While this may appear simple on paper, this procedure may need a significant amount of time due to various processes. It should be scheduled as a distinct project phase. Because if the project scope is not clearly defined, you will end up without gaining any benefit out of it.


FAQs

Why is Data Masked?

When data exits the database's protection, it is disguised to prevent it from being abused for criminal purposes. The primary goal is to safeguard sensitive business data and defend the rights of the data's users. It is performed as part of a collection of actions aimed at reducing the danger of security breaches as much as possible and limiting data exposure.

What are the Risks of Masking Data?

Sadly, data can be partially reconstructed from partial masking using un-masking or de-anonymization. Privacy experts have revealed various strategies for identifying individuals and revealing confidential information about them by integrating data from many 'anonymized' sources.

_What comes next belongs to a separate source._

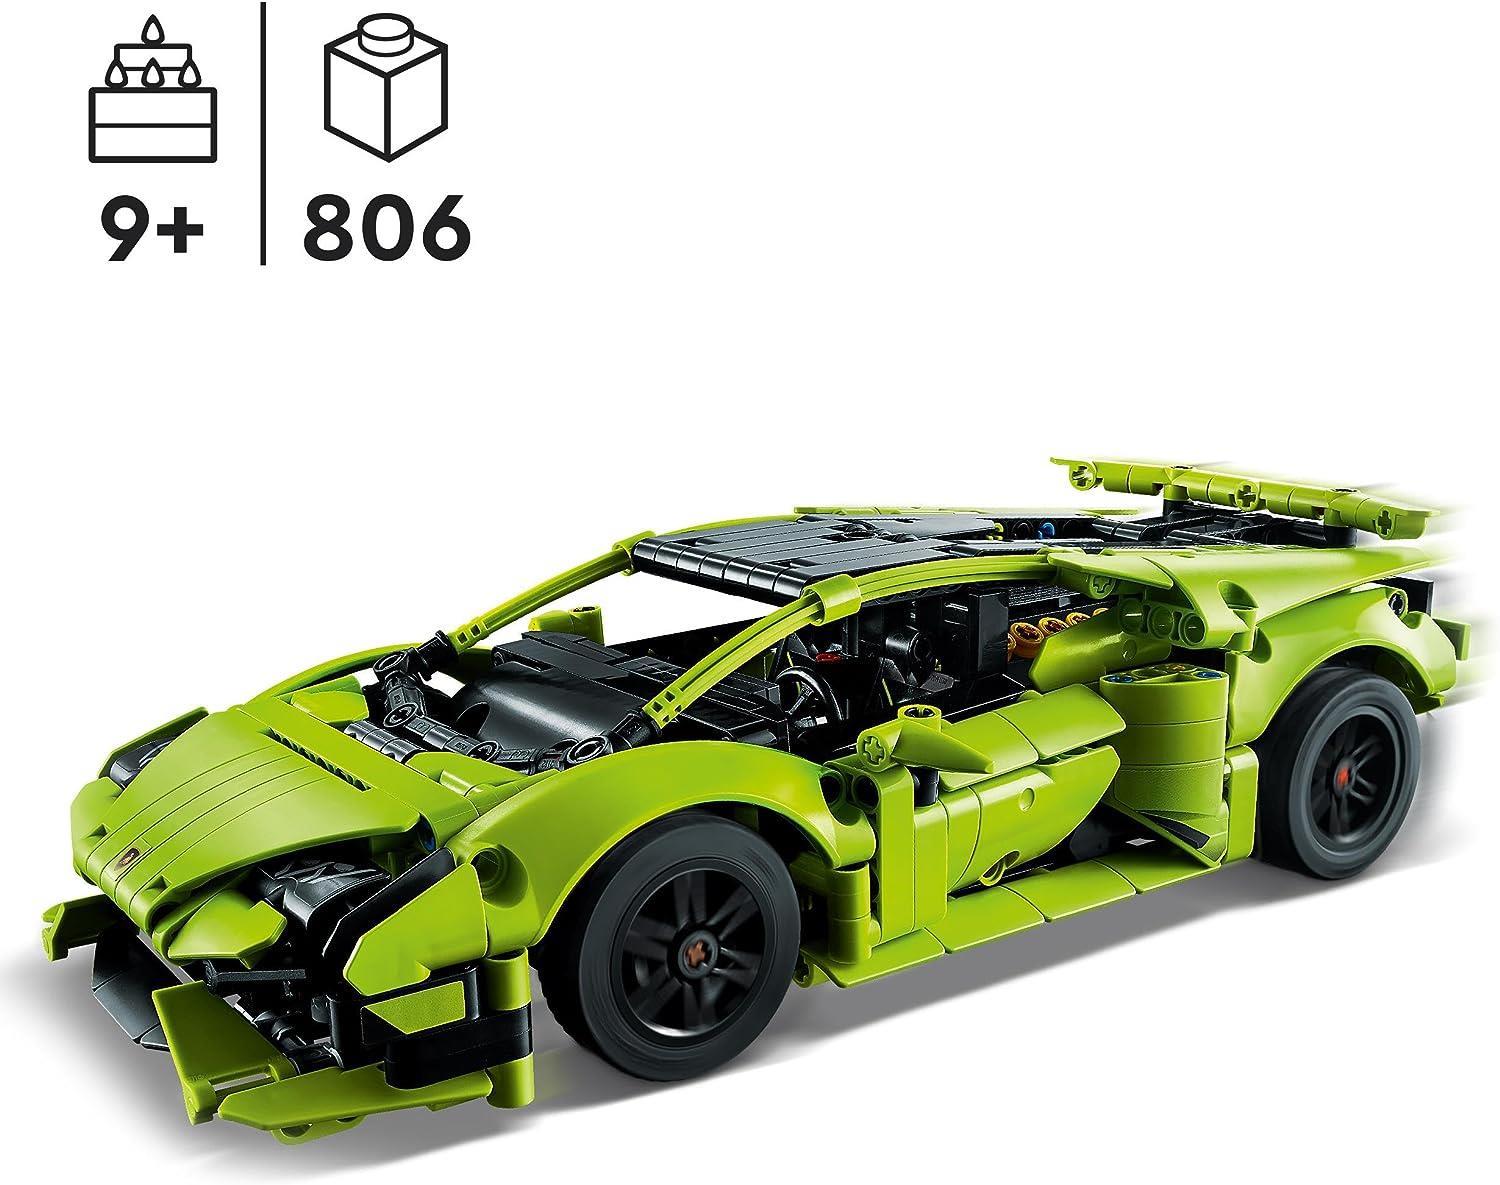 Lego Technic Lamborghini Huracan 42161

Which type of Data can be Masked?

There are several sorts of personal information that can be hidden. These categories are as follows:

  • Personal details and birthplace.
  • Mother's forename.
  • Education and job history.
  • Fingerprint documents or account information.

Is masking a good technique to enable us to use genuine data?

Not just by itself. Data leaking is still a possibility. Several re-identification methods have been devised and shown, allowing poorly disguised data to identify persons and reveal sensitive data about them. Masked data may not be able to identify someone on its own, but it may be combined with other information.


Conclusion

This article has discussed data masking types, techniques, and the best tools. The primary goal of data masking is to generate a functioning replacement that hides the original data. Data masking also protects data privacy while making it more useful.